Em 1984, ao mudar-se para o Château de Margeaix, alterou a morada no registo, mas não substituiu as chapas originais. O 300 SL ficou guardado nos anexos do castelo, ao lado de outros modelos de alto valor, incluindo um Ferrari 500 Mondial, um Bugatti 57 Atalante, um Ferrari BB 512 e um Jaguar E-Type adquirido novo.
Um selo fiscal de 1993, ainda presente no para-brisas, indica que o automóvel continuava em circulação nessa altura. Quando finalmente foi vendido em 2014, não circulava há 11 anos. Estava coberto de pó, com pneus vazios. Ainda assim, segundo a descrição do lote, bastaram seis velas novas, uma bateria e combustível para o motor pegar e o carro ser carregado para seguir para a Alemanha.

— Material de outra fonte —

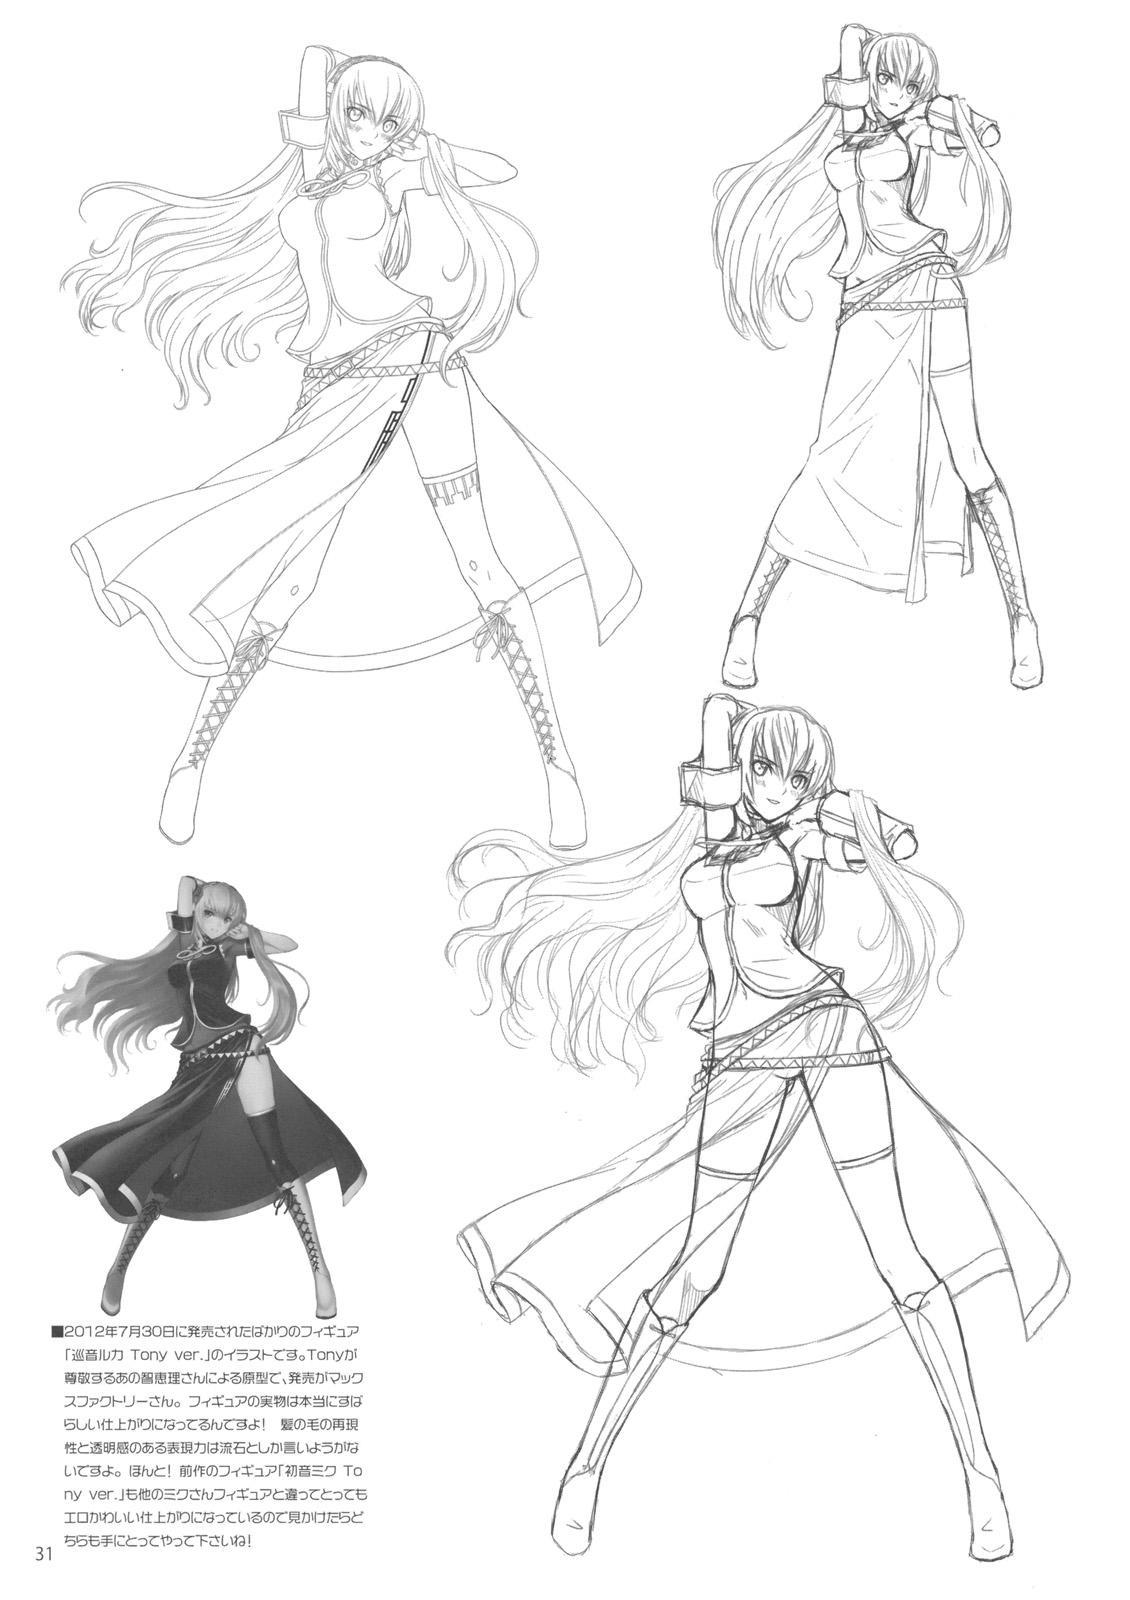 (C82) [T2 ART WORKS (Tony)] Reiko-san to Maya-chan no Koto wo Omotteitara Muramura Shitekita node Erohon ni Shitemitayo. (Fault!!) 29

O novo proprietário, um colecionador discreto, não o restaurou nem o limpou. Guardou-o numa espécie de “bolha” de armazenamento, protegendo-o do tempo. Nove anos depois, um colecionador parisiense e entusiasta da Mercedes-Benz descobriu o carro. Tentou comprá-lo de imediato. O proprietário recusou. Um ano mais tarde, o negócio acabou por acontecer, e o 300 SL regressou a Paris.

E então surge o detalhe mais improvável de toda a história: investigações junto das autoridades locais indicam que Claude Foussier, o primeiro proprietário, vivia em 1956 no número 2 do boulevard Suchet, no 16.º arrondissement. O atual proprietário vive hoje no mesmo endereço. O carro voltou, 70 anos depois, à mesma garagem onde esteve quando foi entregue novo.

Pintura original, interior intacto e “matching numbers” absoluto
O estado do automóvel é apresentado como um dos seus maiores argumentos. Segundo a avaliação técnica citada, o carro mantém praticamente toda a pintura original de fábrica, com exceção de uma zona com espessura ligeiramente superior na traseira direita abaixo do para-choques e um retoque por baixo da porta do passageiro.

O interior em pele natural é descrito como patinado, nunca limpo ou tratado, e o veículo inclui elementos pouco comuns, como um indicador de temperatura exterior montado à frente do passageiro.

O automóvel é vendido com um dos conjuntos originais de bagagem (o segundo perdeu-se ao longo da vida do carro); kit de ferramentas Mercedes-Benz; uma peça em alumínio feita para equilibrar as rodas; a matrícula original de 1956, nunca substituída; e “camada de pó” acumulada, apontada como parte do seu carácter de preservação.
Porque é que este 300 SL é tão raro
O Mercedes-Benz 300 SL “Gullwing” é um dos modelos mais icónicos da história do automóvel, tanto pelo desenho como pela tecnologia. Foi o primeiro automóvel de produção com injeção de combustível e nasceu diretamente do ADN de competição da Mercedes-Benz.

Mas este exemplar em particular distingue-se pela especificação. A produção indica que apenas cerca de 250 unidades terão sido entregues com o motor NSL, que acrescentava cerca de 20 cv face à versão standard. Dentro desse grupo, 170 saíram de fábrica com motor NSL e jantes Rudge. E apenas cerca de 100 terão combinado motor NSL, jantes Rudge e suspensão desportiva, além das restantes opções. Segundo a descrição, este automóvel poderá ser um de cerca de 60 construídos com este nível de configuração, idêntico ao aplicado nas 29 raríssimas versões com carroçaria em alumínio.

Um clássico de preservação com lugar garantido nos grandes concursos
Com o seu estado de conservação, a descrição sugere que este 300 SL está pronto para competir na categoria “Preservation Class” dos maiores concursos de elegância, uma classe cada vez mais valorizada no mundo dos clássicos, onde a originalidade e a autenticidade podem contar mais do que um restauro perfeito.

O lote indica ainda que o automóvel e o seu novo proprietário serão convidados para a próxima edição do Concours d’Élégance de Chantilly.
Com um chassis tubular, motor de seis cilindros de 3 litros, travões Alfin e suspensão independente, o 300 SL foi um automóvel concebido para dominar a estrada, com velocidade máxima superior a 230 km/h e aceleração dos 0 aos 100 km/h em menos de 9 segundos, números impressionantes para a época.

E neste caso, com uma história olímpica, décadas de propriedade estável e uma autenticidade quase total, o resultado é um daqueles automóveis que não aparecem duas vezes.